Menariknya, peningkatan peringkat tersebut diraih meski langkah mereka di Australian Open 2026 terhenti lebih awal. Ali/Devin harus angkat koper setelah kalah dari pasangan Hong Kong pada laga perdana. Meski gagal menambah banyak poin dari turnamen tersebut, mereka tetap berhasil memperbaiki posisi di ranking dunia terbaru.
3. Leo Rolly Carnando/Daniel Marthin kini menduduki peringkat ke-91 dunia
Leo Rolly Carnando/Daniel Marthin juga mencatat perbaikan posisi dalam pembaruan ranking BWF usai Australian Open 2026. Pasangan yang kembali dipasangkan tersebut naik 18 tingkat dan kini menempati peringkat ke-91 dunia. Kenaikan ini menjadi perkembangan positif bagi Leo/Daniel dalam upaya menembus kembali persaingan di papan atas ganda putra dunia.
Peningkatan peringkat tersebut diraih setelah Leo/Daniel mencatatkan perjalanan hingga babak kedua di Australian Open 2026. Langkah mereka kemudian terhenti usai menghadapi pasangan unggulan kedua asal China, Liang Wei Keng/Wang Chang. Leo/Daniel harus mengakui keunggulan lawannya setelah kalah dalam dua game langsung dan gagal melaju ke babak perempat final.
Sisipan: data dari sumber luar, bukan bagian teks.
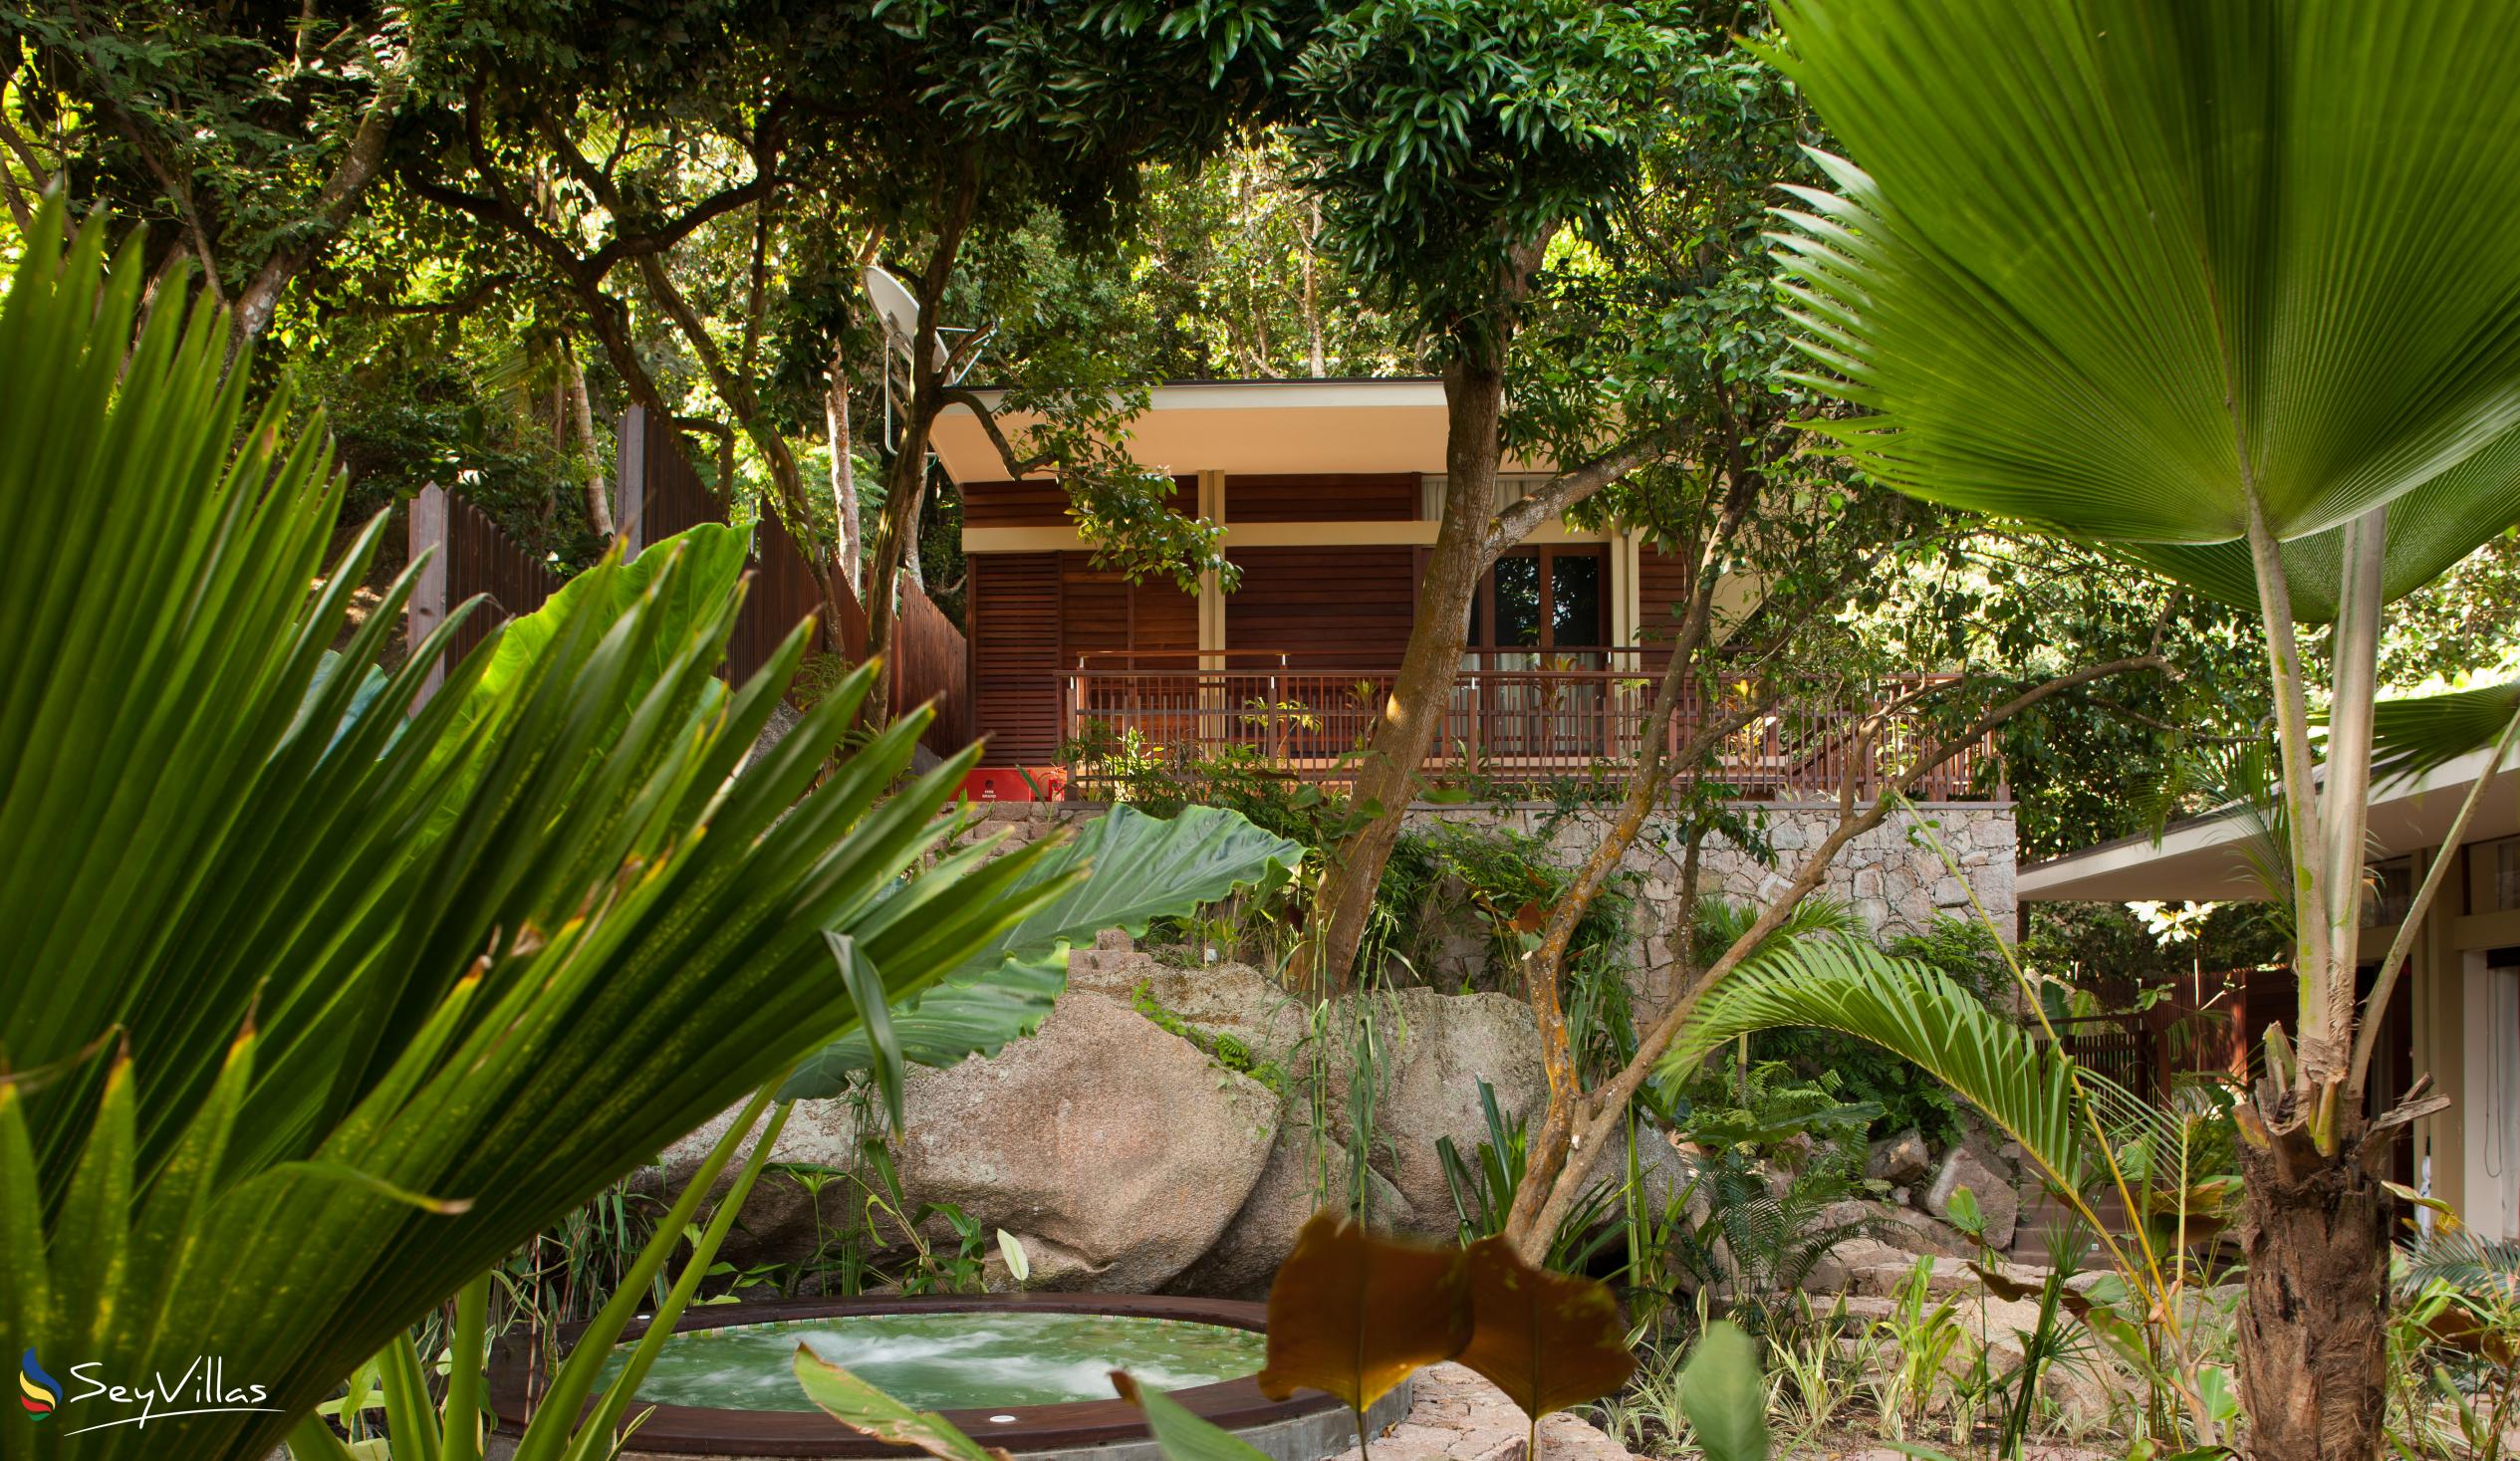 Foto 21: Le Relax Luxury Lodge - Aussenbereich - La Digue (Seychellen)

4. Muh Putra Erwiansyah/Bagas Maulana naik signifikan
Muh Putra Erwiansyah/Bagas Maulana menjadi pasangan yang mencatat kenaikan peringkat paling signifikan di antara empat ganda putra Indonesia yang dibahas dalam daftar ini. Mereka melonjak 70 posisi dan kini menempati peringkat 220 dunia pada ranking BWF terbaru. Kenaikan tersebut menunjukkan adanya peningkatan perolehan poin yang membantu Putra/Bagas memperbaiki posisinya di ranking dunia.
Meski berhasil mendongkrak peringkat secara signifikan, hasil yang diraih Putra/Bagas di Australian Open 2026 tidak terlalu memuaskan. Mereka harus terhenti pada laga perdana setelah kalah dari pasangan Malaysia dalam dua game langsung. Kekalahan tersebut membuat langkah Putra/Bagas berakhir lebih cepat di turnamen BWF Super 500 tersebut.
Secara keseluruhan, keempat pasangan ganda putra Indonesia menunjukkan dinamika yang berbeda dalam pembaruan ranking BWF usai Australian Open 2026. Sabar Karyaman Gutama/Moh Reza Pahlevi Isfahani mampu mempertahankan posisinya di peringkat ketujuh dunia, sementara tiga pasangan lainnya berhasil mencatat kenaikan peringkat meski tidak melangkah jauh di turnamen tersebut. Hasil ini menjadi modal penting bagi para ganda putra Indonesia untuk terus memperbaiki posisi mereka pada turnamen-turnamen BWF berikutnya.